▶ **EXERCISE**
Restate the listing below word for word. No picture belongs in the result.

▶ **SOURCE DATA**

━━━━

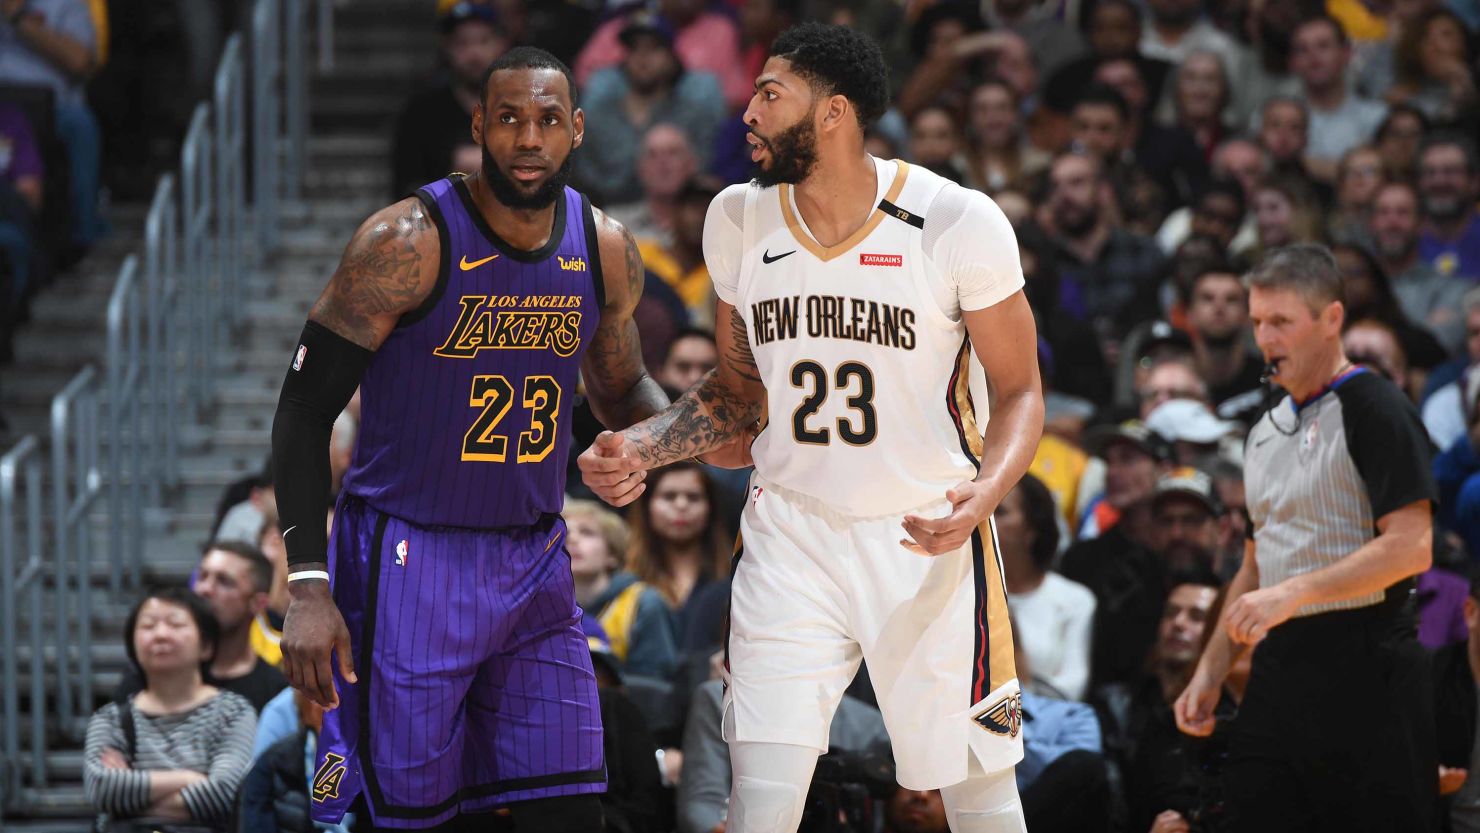 LeBron James #23 of the Los Angeles Lakers and Anthony Davis #23 of the New Orleans Pelicans fight for position during a game on December 21, 2018 at STAPLES Center in Los Angeles, California. 
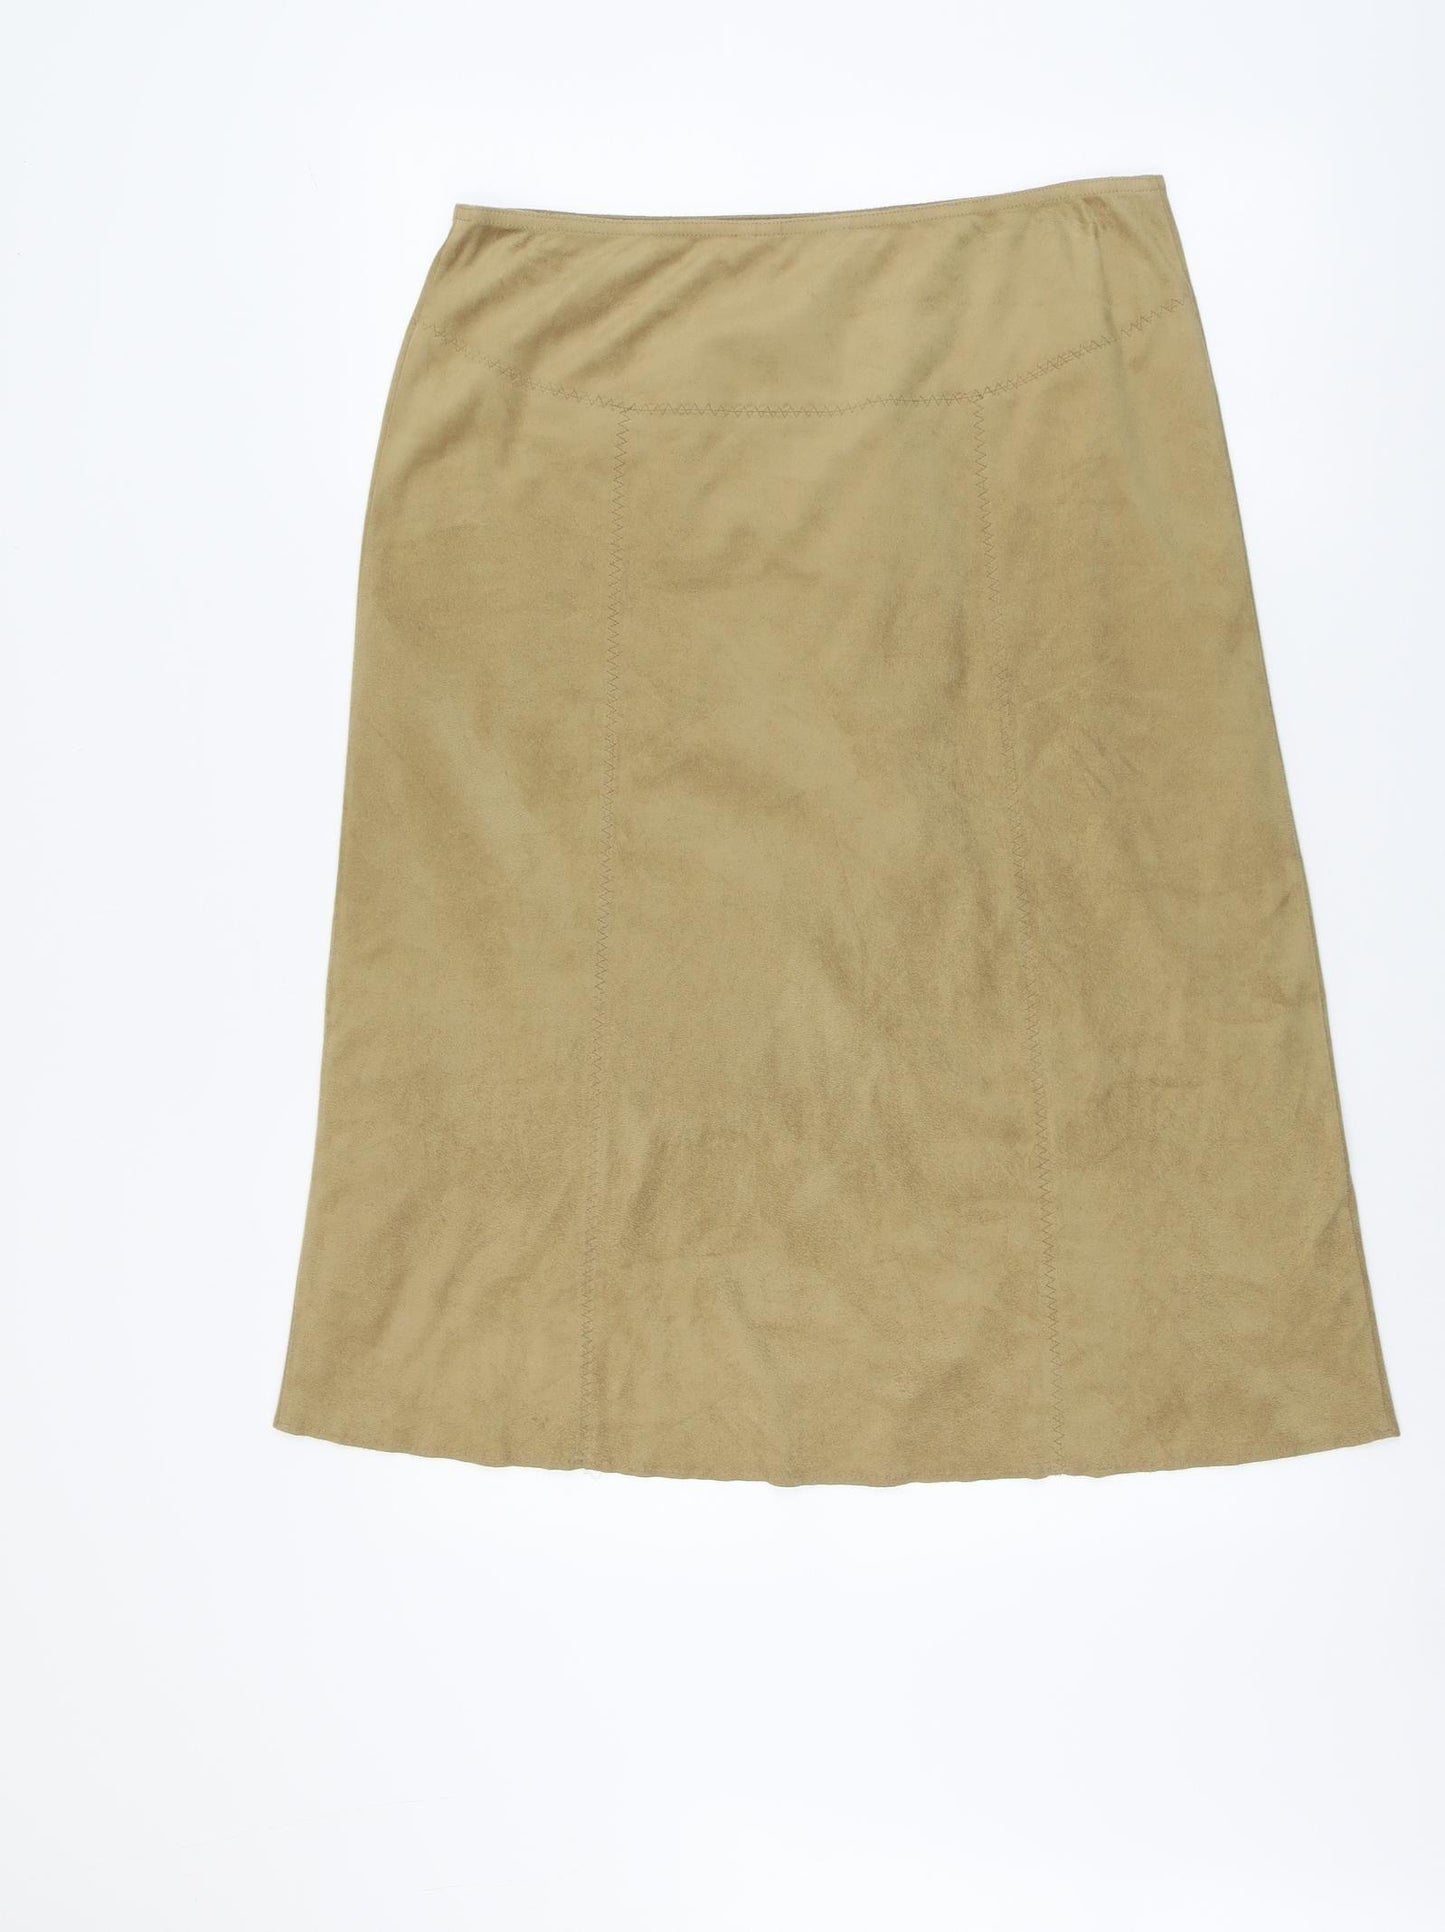 Per Una Womens Beige Polyester A-Line Skirt Size 14
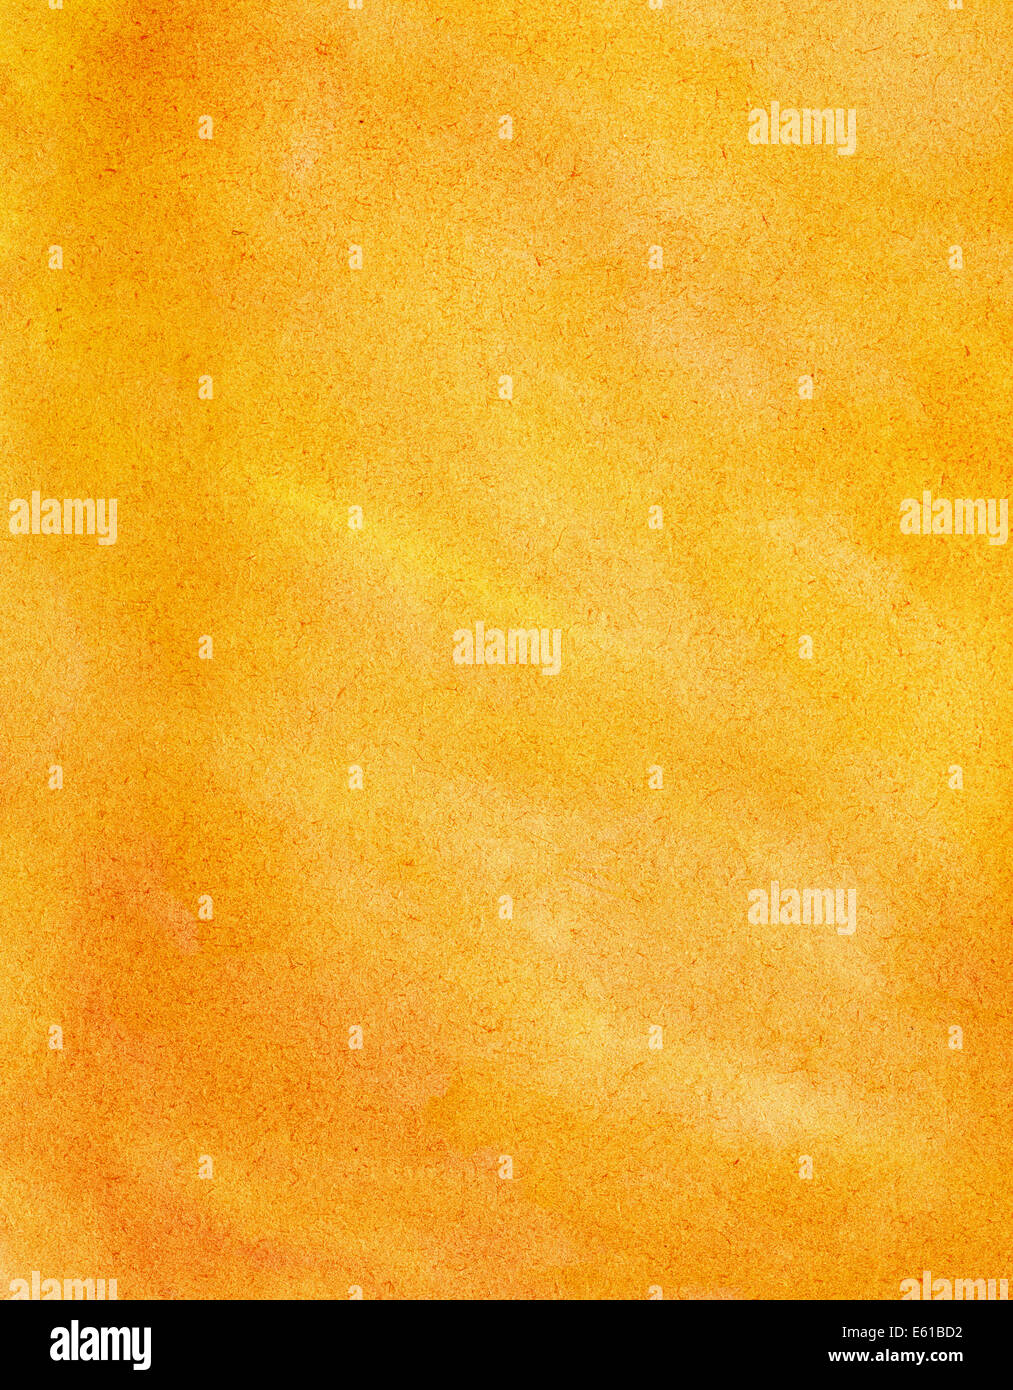 Abstract orange watercolor background. Stock Photo

━━━━

▶ **RESPONSE TO THIS TASK**
 LeBron James #23 of the Los Angeles Lakers and Anthony Davis #23 of the New Orleans Pelicans fight for position during a game on December 21, 2018 at STAPLES Center in Los Angeles, California. 
 Per Una Womens Beige Polyester A-Line Skirt Size 14
 Abstract orange watercolor background. Stock Photo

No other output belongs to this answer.